8. Industry and regulation compliance: Organizations often have access to and are responsible for data that is highly regulated and restricted. Many industry-specific regulations such as GLBA, CJIS, ITAR and PCI DSS, require an enterprise to follow defined standards to safeguard private and business data and to comply with applicable laws.
9. B2B Contractual Clauses: Businesses providing services for other businesses are increasingly seeing contractual clauses requiring business data that is maintained by the service provider to be treated in certain ways.

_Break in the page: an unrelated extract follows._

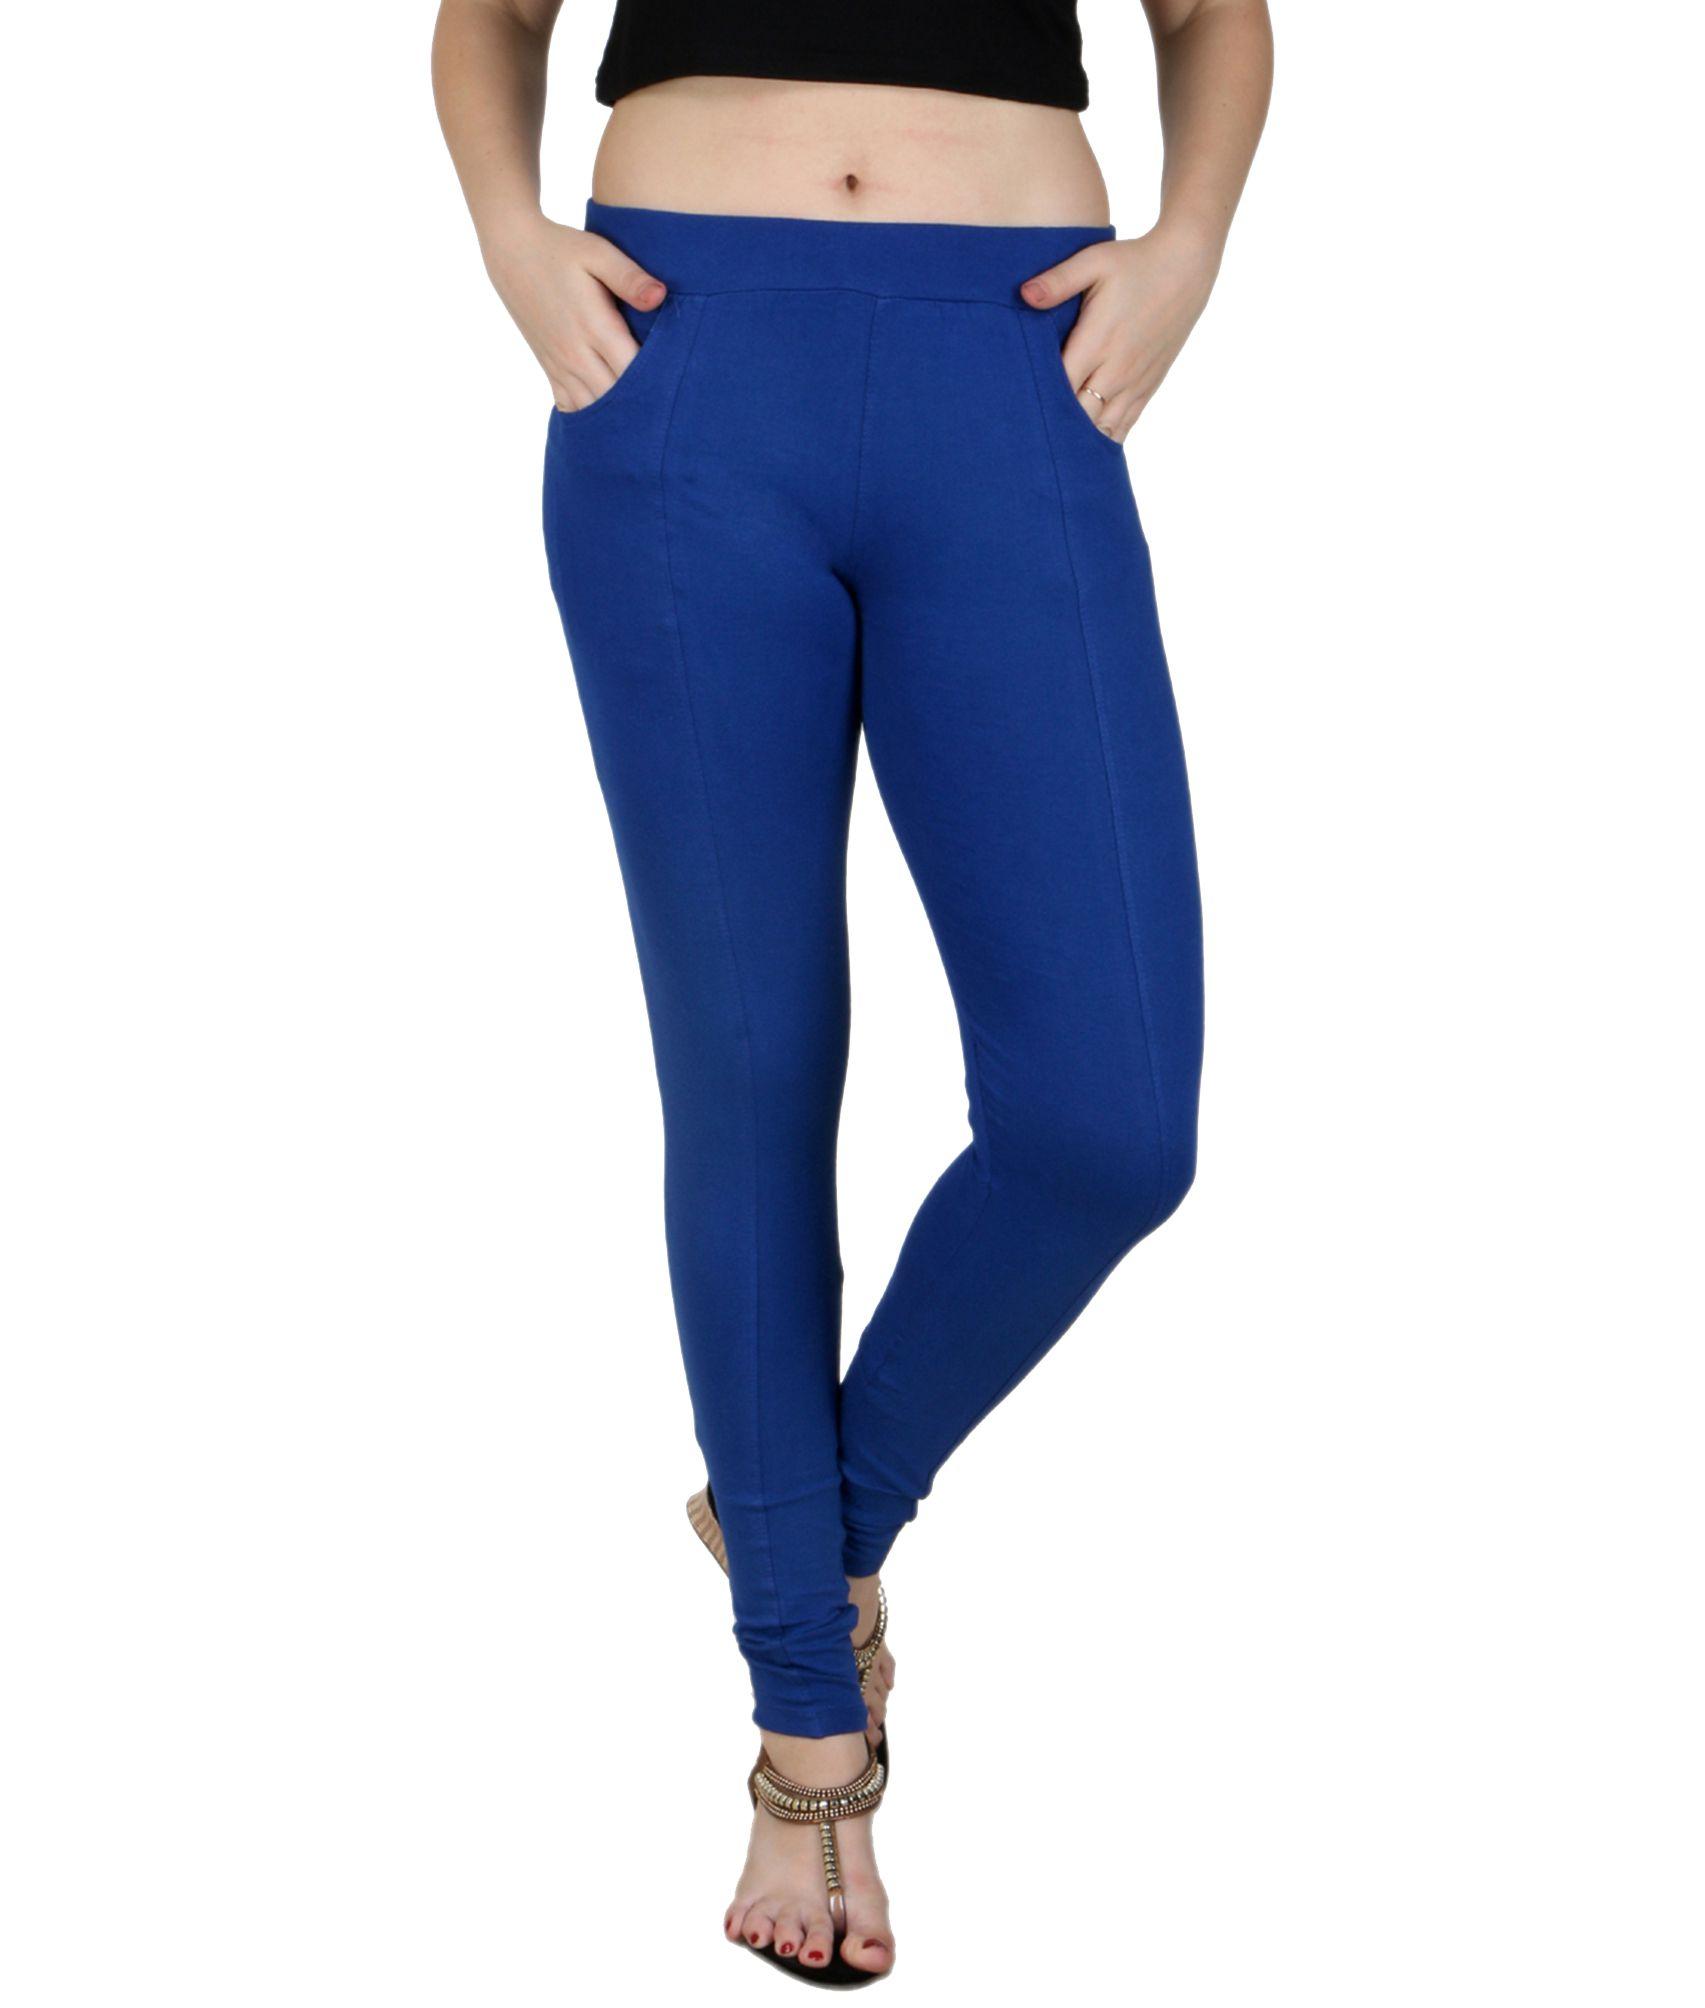 Baremoda Blue Cotton Lycra Jeggings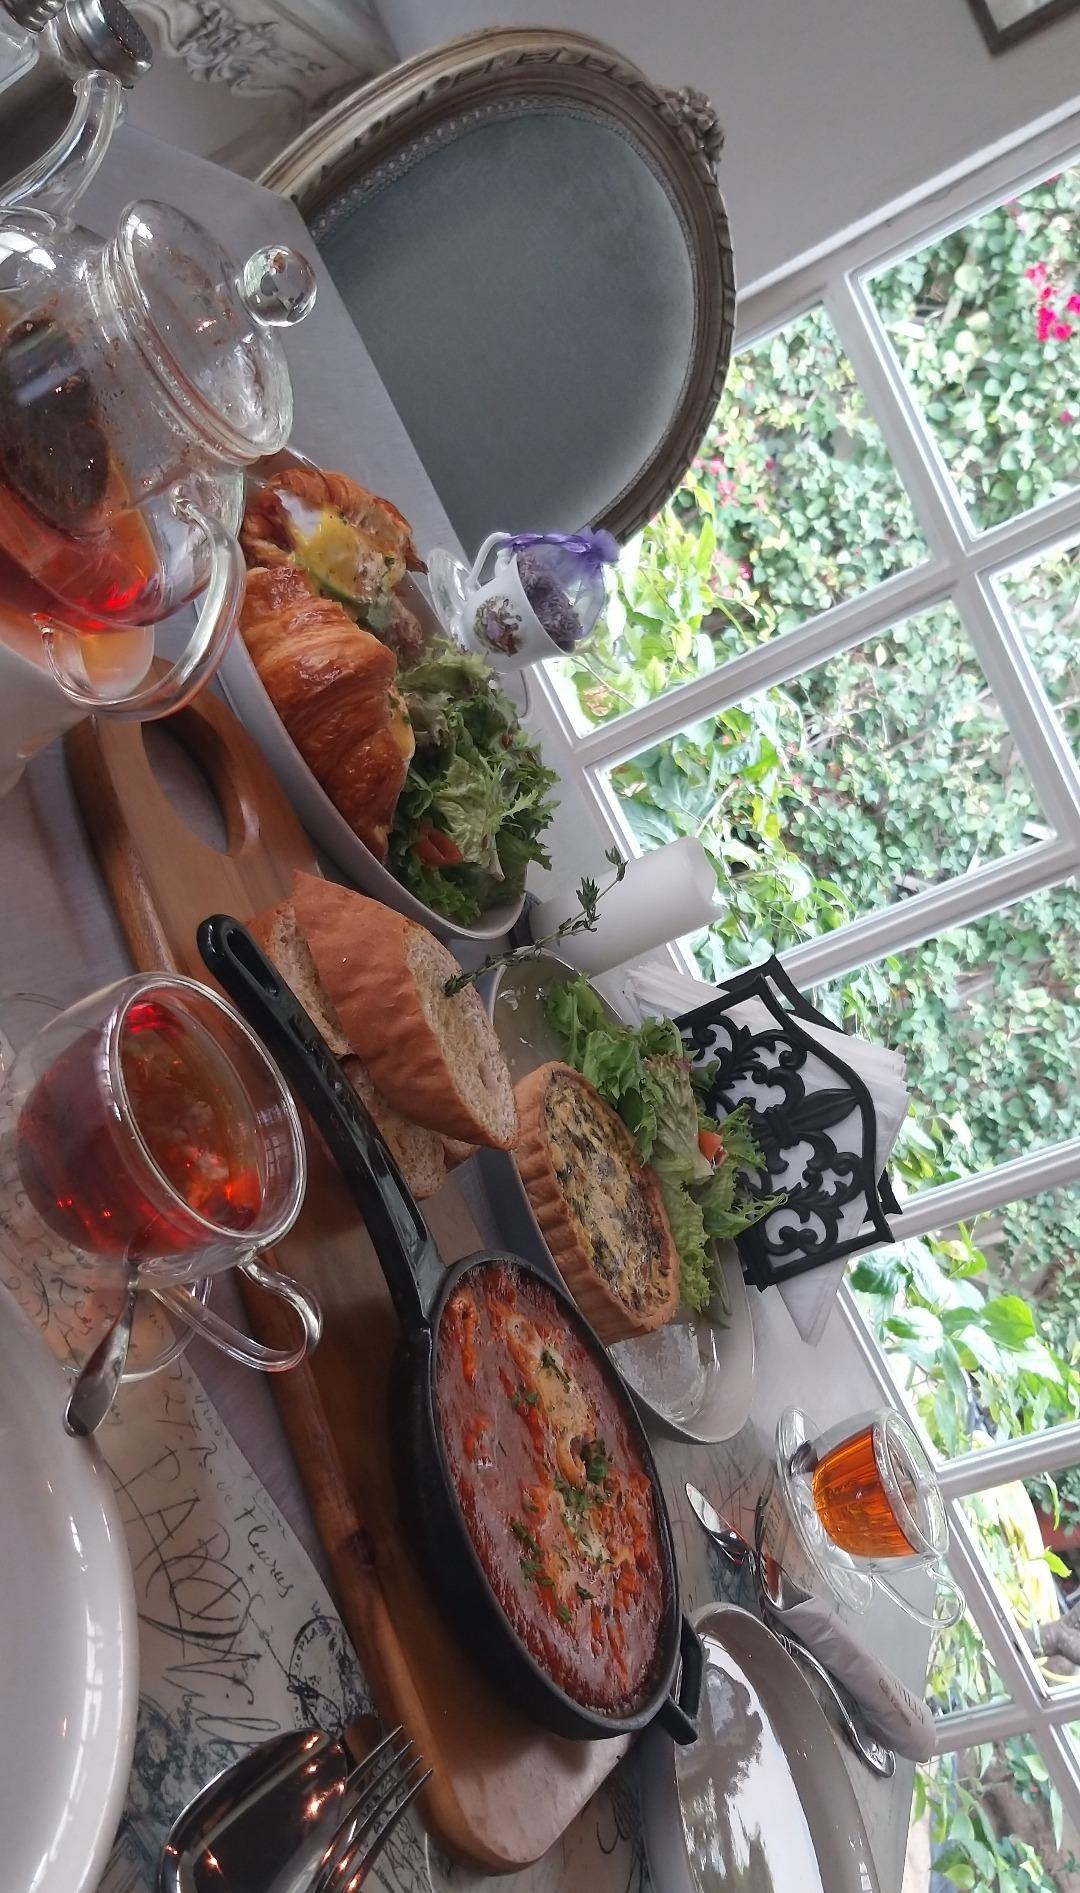 👌�👌�👌�👌� @ Cafe Chantilly - Bahrain

For example, if business data is placed in 3rd party cloud systems, additional safeguards need to be put in place to ensure it is adequately protected.
The back nine: Winning tactics
1. Openness: Just as the U.S. Open is open to any golfer, IT needs to look for conditions related to openness, such as adherence to industry standards and the ability of security solutions to integrate with one another so that trust in the cloud is established.
2. Get a grip on your data: With information flowing more freely than ever in today’s digital economy, tracking sensitive data becomes an increasingly difficult task. Get familiar with data-centric security tools that work in and outside the company’s walls, in particular, cloud data encryption and tokenization.
3. Test: “Testing for network, logical and architectural security risks will be a very important strategy,” says John Overbaugh of Caliber Security Partners. “Security testing in the cloud does change things, but it’s not impossible,” he continues. “It’s important to plan ahead, to communicate the changes in your test strategy, and to set appropriate expectations with your management. Above all, it is critical to communicate before and during your testing – primarily with your cloud provider, but also with your IT and security organizations.”
4. Back it up: Having backups of your data is always a good idea whether it is stored in the cloud or not.
5. Use more than one cloud service: A multi-cloud strategy minimizes the risk of widespread data loss or downtime due to a localized component failure in a cloud-computing environment. Develop a security platform that allows the business to implement consistent data protection policies across multiple cloud services, preferably one that does not involve complex key management or policy administration.
6. Educate employees on security: People, processes and technology all need to play critical roles in ensuring adequate safeguards are in place. Proactive steps can be taken to avoid costly mistakes.
7. Establish comprehensive data governance policies: Governance needs to be clearly established and policies need to be put in place to ensure compliance with internal and external data privacy mandates. Data should be classified based on sensitivity and the correct data security techniques need to be applied to each class of data.
8. Implement data security services: Consider offering security services such as “encryption-as-a-service” or “tokenization-as-a-service” to business units within the enterprise to enable compliant cloud use/adoption while protecting data being processed and stored in the cloud.
9. Do encryption right: Do not store encryption keys in the software where you store your data. IT teams need to keep physical ownership of encryption keys as well as vet the strength of the encryption techniques being used. And don’t forget data in-use. Data in use is, effectively, the data that has been loaded into a process and is in the memory of the program that is running. In general, this data is in the clear while being processed and is typically not protected by techniques such as the in-cloud based encryption provided by the cloud service provider. Make sure you own the entire encryption process of your sensitive and regulated data.